1. Arcade Publishing 1999, ISBN 1559704977; Hardcover $17.95. [Browse/Purchase for $14.36]

2. Arcade Publishing 2001, ISBN 1559705736; Paperback $9.95. [Browse/Purchase for $8.95]

Review by Allen B. Ruch

In 1995, the Milan newspaper Corriere della sera decided to run an unusual feature, an attempt to edify their readers through a frank exchange between two Italian intellectuals: Novelist and professor of semiotics Umberto Eco, and Carlo Maria Martini, the Cardinal of Milan. The purpose of this exchange would be a mutual exploration of issues important to the modern world, but issues open to philosophical dissent between the "believer and the nonbeliever," or more specifically, the Catholic and the secular humanist.

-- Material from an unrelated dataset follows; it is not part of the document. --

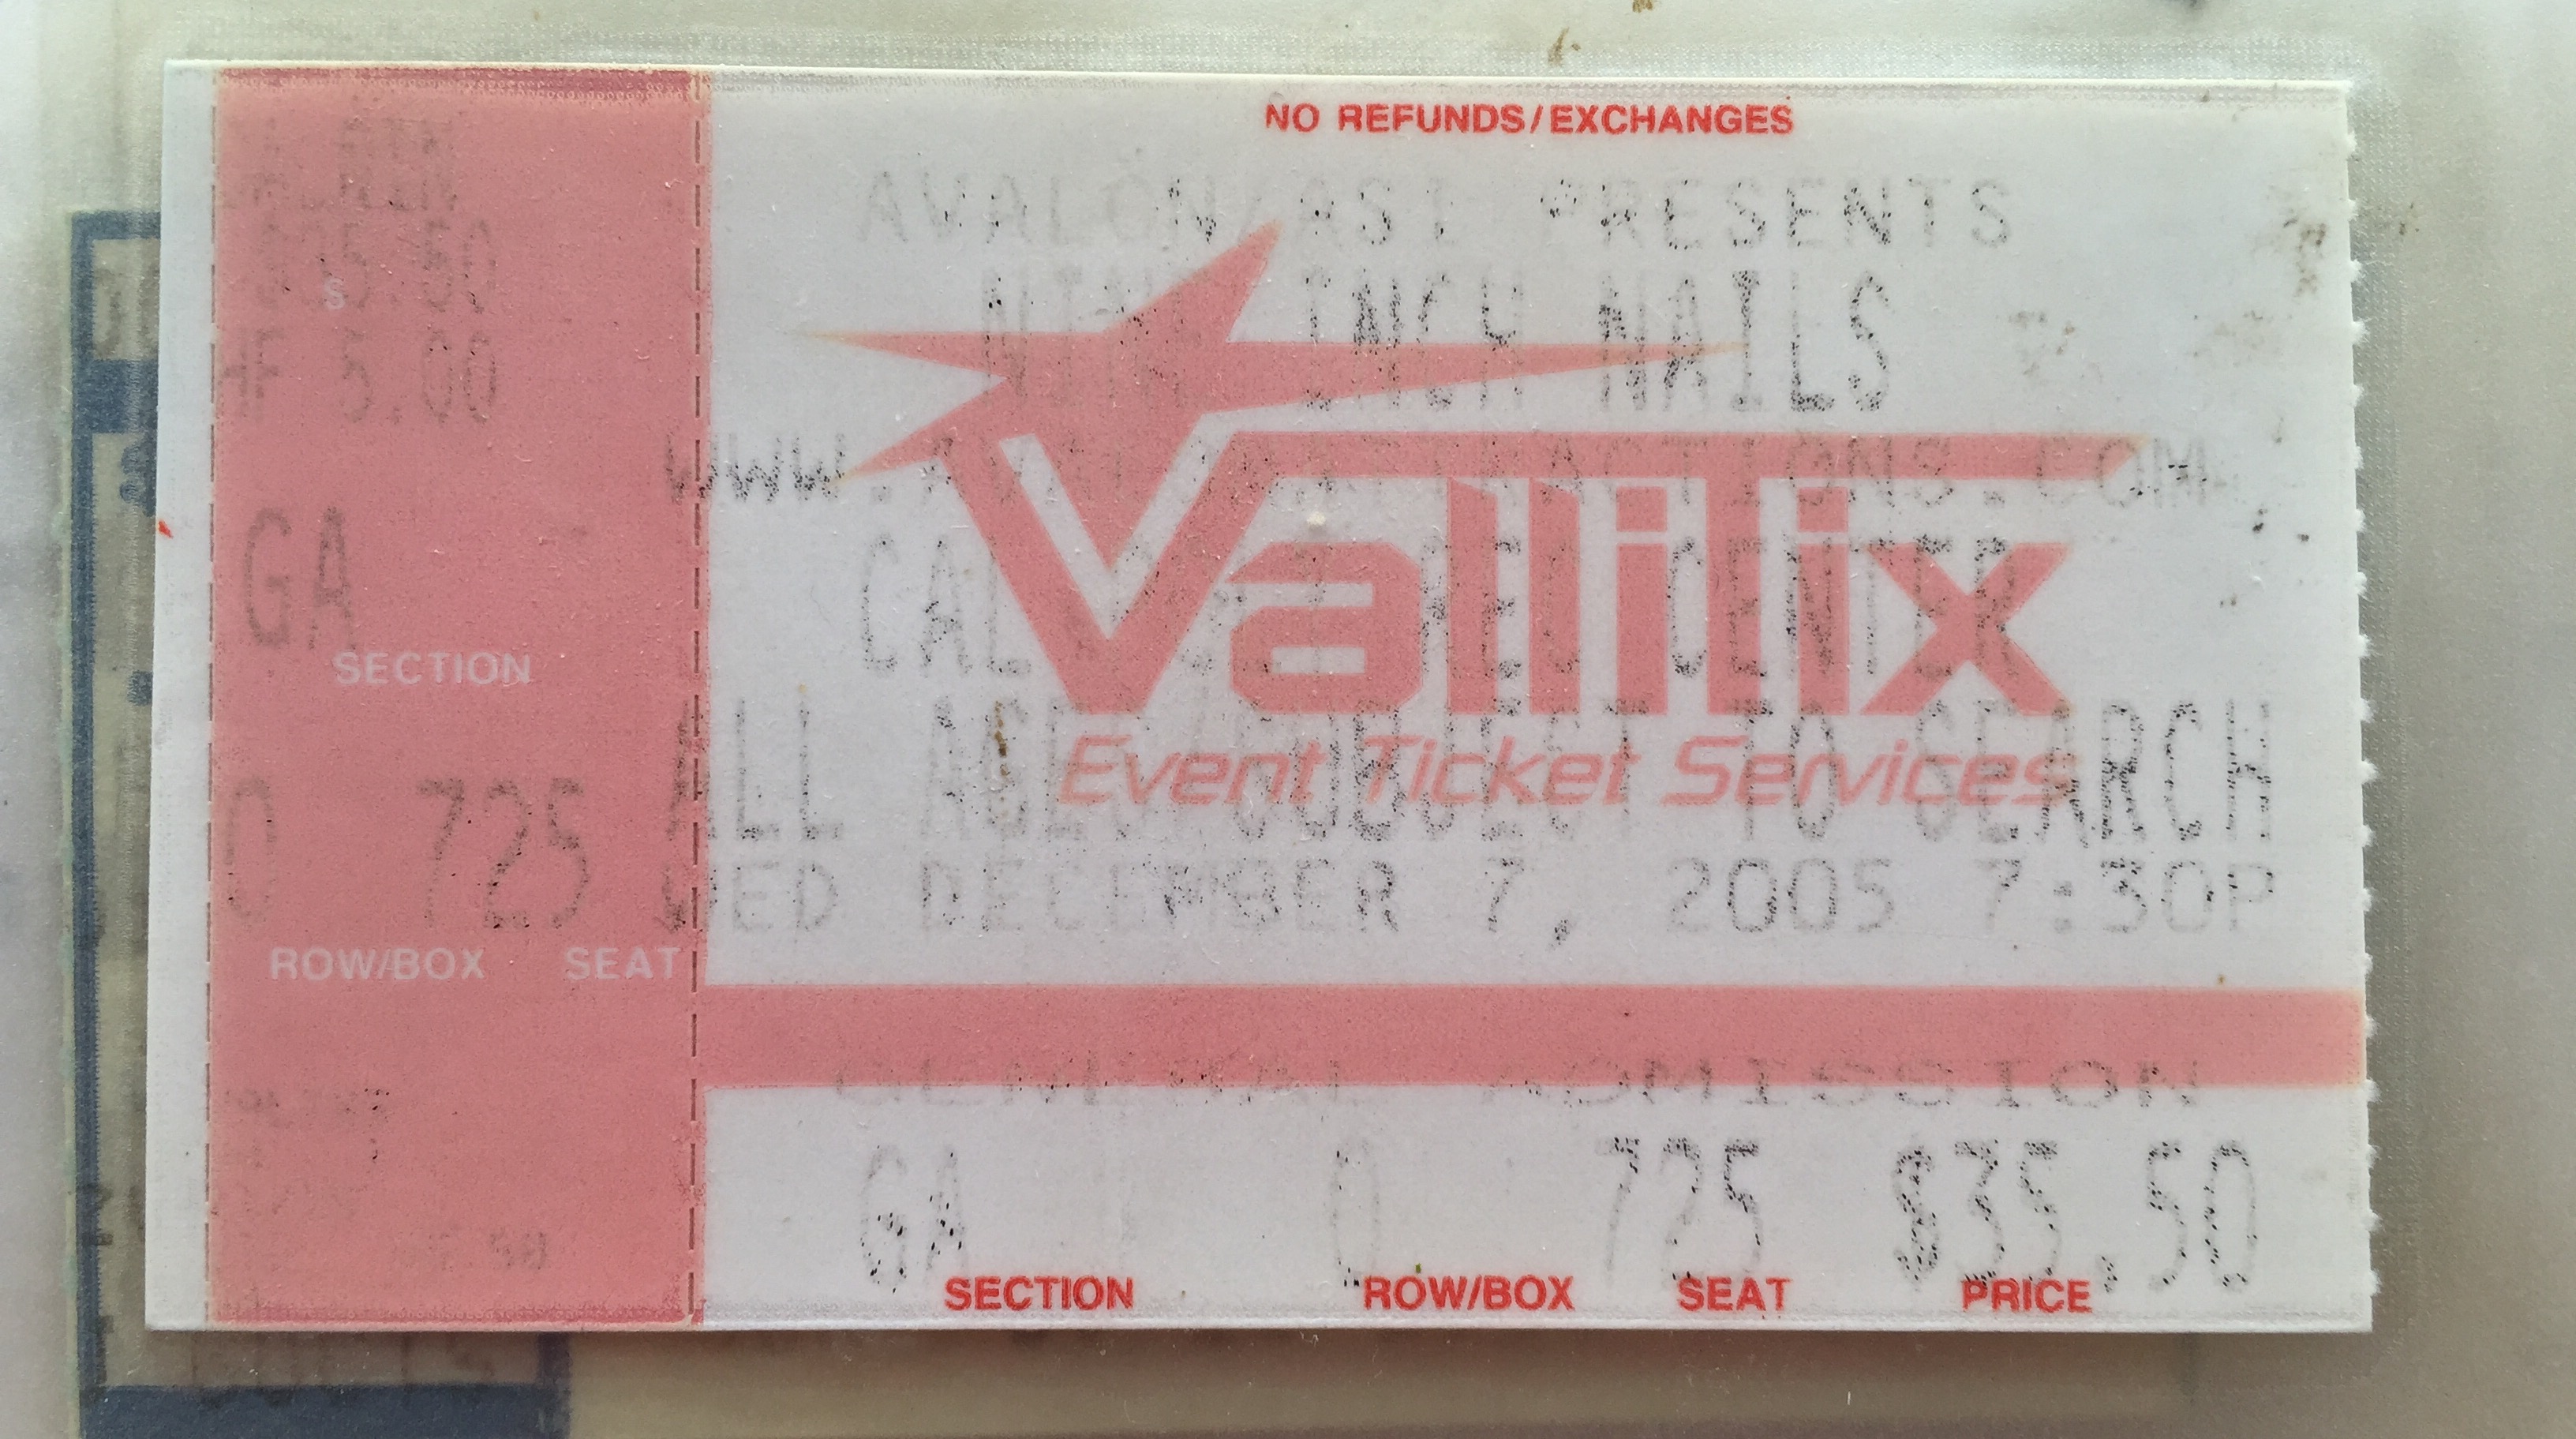 2005/12/07 Ticket

The dialogue would take place in a series of four letters, each letter and its subsequent response touching upon a single topic.
Given the nature of human expectations and the fact that the collected letters are billed as "A Confrontation," one wonders if the paper was expecting something more sensational. What resulted, however, was not so much a confrontation as it was a conversation: Eco and Martini proved to be perfectly matched thinkers, gentlemen scholars with a genuine interested in what the other had to say. Shortly after the exchange ended on the topic of secular morality, the letters were collected into a volume entitled In cosa crede chi non crede? The book at hand, Belief of Nonbelief, is the English translation of this collection.
Taken as a whole, the letters are respectful, thoughtful, and filled with curiosity and even warmth. Umberto Eco displays his usual charm and humor along with his unfailing acumen, and Cardinal Martini emerges as a scholar and an intellectual, a prelate and a theologian who is nevertheless sympathetic to humanism and doubt.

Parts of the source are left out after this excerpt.